Secure Infrastructure

The system uses:

  • Streaming responses via SignalR for secure real-time agent interaction and live event push
  • Distributed cache-backed conversation threads with a 1-hour sliding expiration window — the cache is the authoritative source for active conversation state
  • Query deduplication logic to prevent redundant execution within a session
  • Strict application-layer enforcement of read-only data operations at every entry point in the Data Explorer service

EngAIge V2 fully replaces the legacy Intelligence V1 module (which was built on Semantic Kernel) with a hardened Microsoft Agent Framework implementation designed for scalability, auditability, and reliability.

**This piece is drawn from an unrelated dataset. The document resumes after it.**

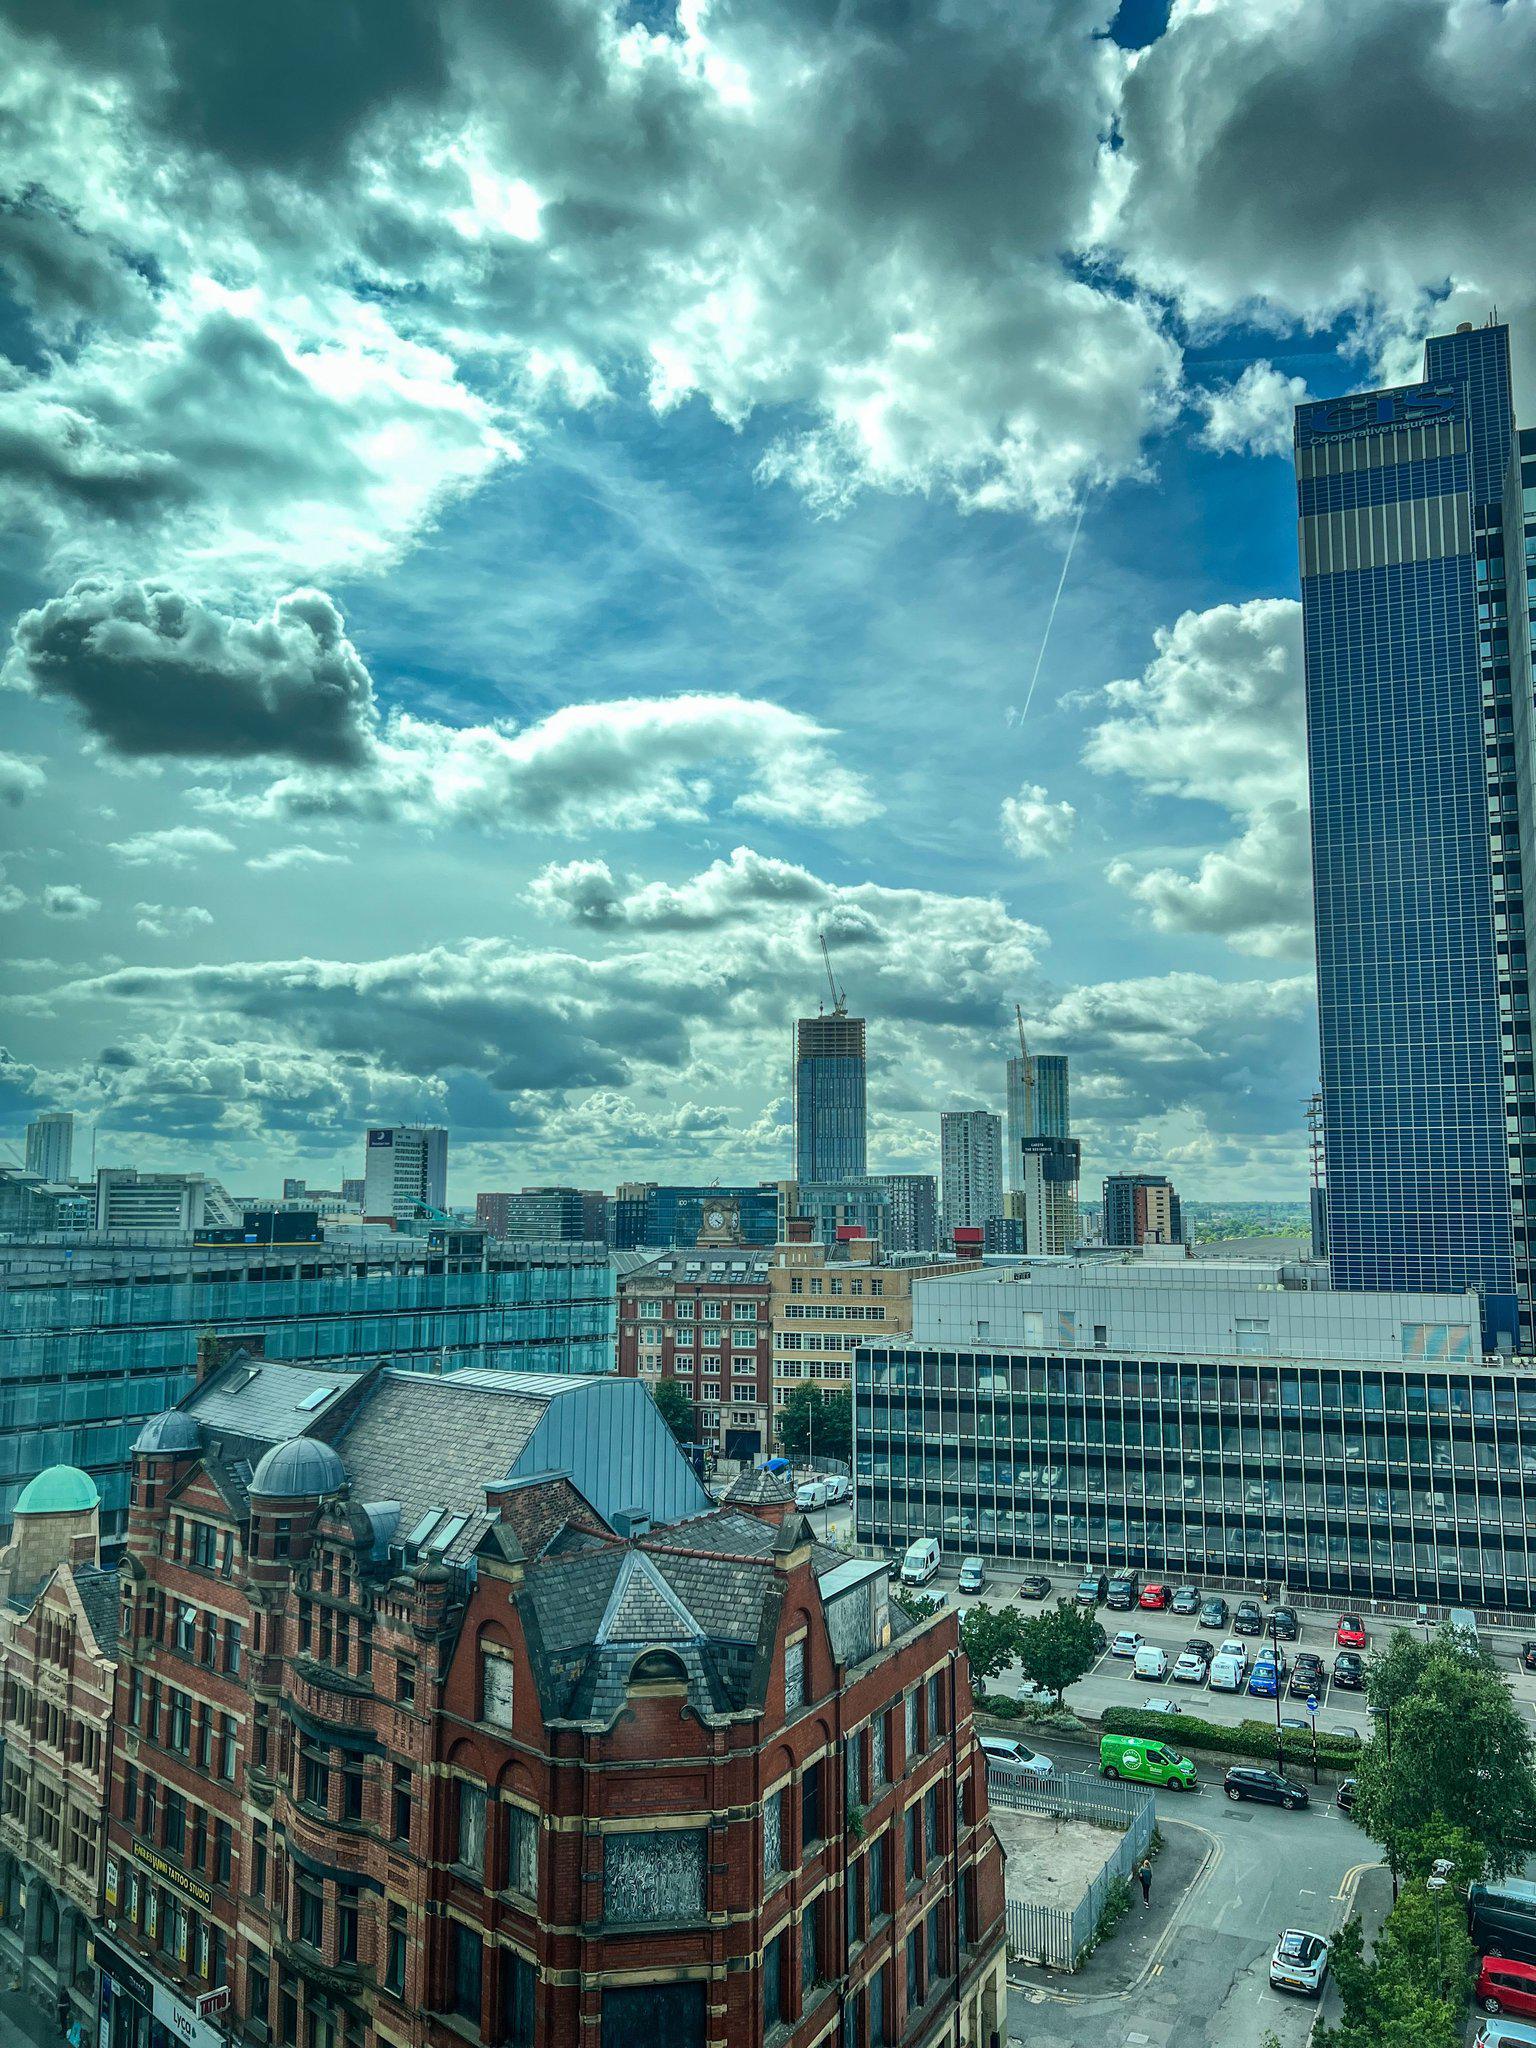 Images Crowne Plaza Manchester City Centre, an IHG Hotel

Data Isolation & Organisational Context

EngAIge operates exclusively within the context of your specific organisation. It does not access cross-client data and does not train on your proprietary information. All insights are generated dynamically from your live CDP instance using your schema at the time of the request.

Localisation logic — including language and geography detection — is applied based on your configured organisation settings, ensuring contextual alignment without external data exposure.

Summary

EngAIge combines conversational AI with a secure, validated data execution layer. Its architecture enforces application-level read-only access, schema-grounded query generation, row and complexity limits, query deduplication, and agent-level responsibility separation — ensuring that every insight is accurate, traceable, and generated from your own data environment.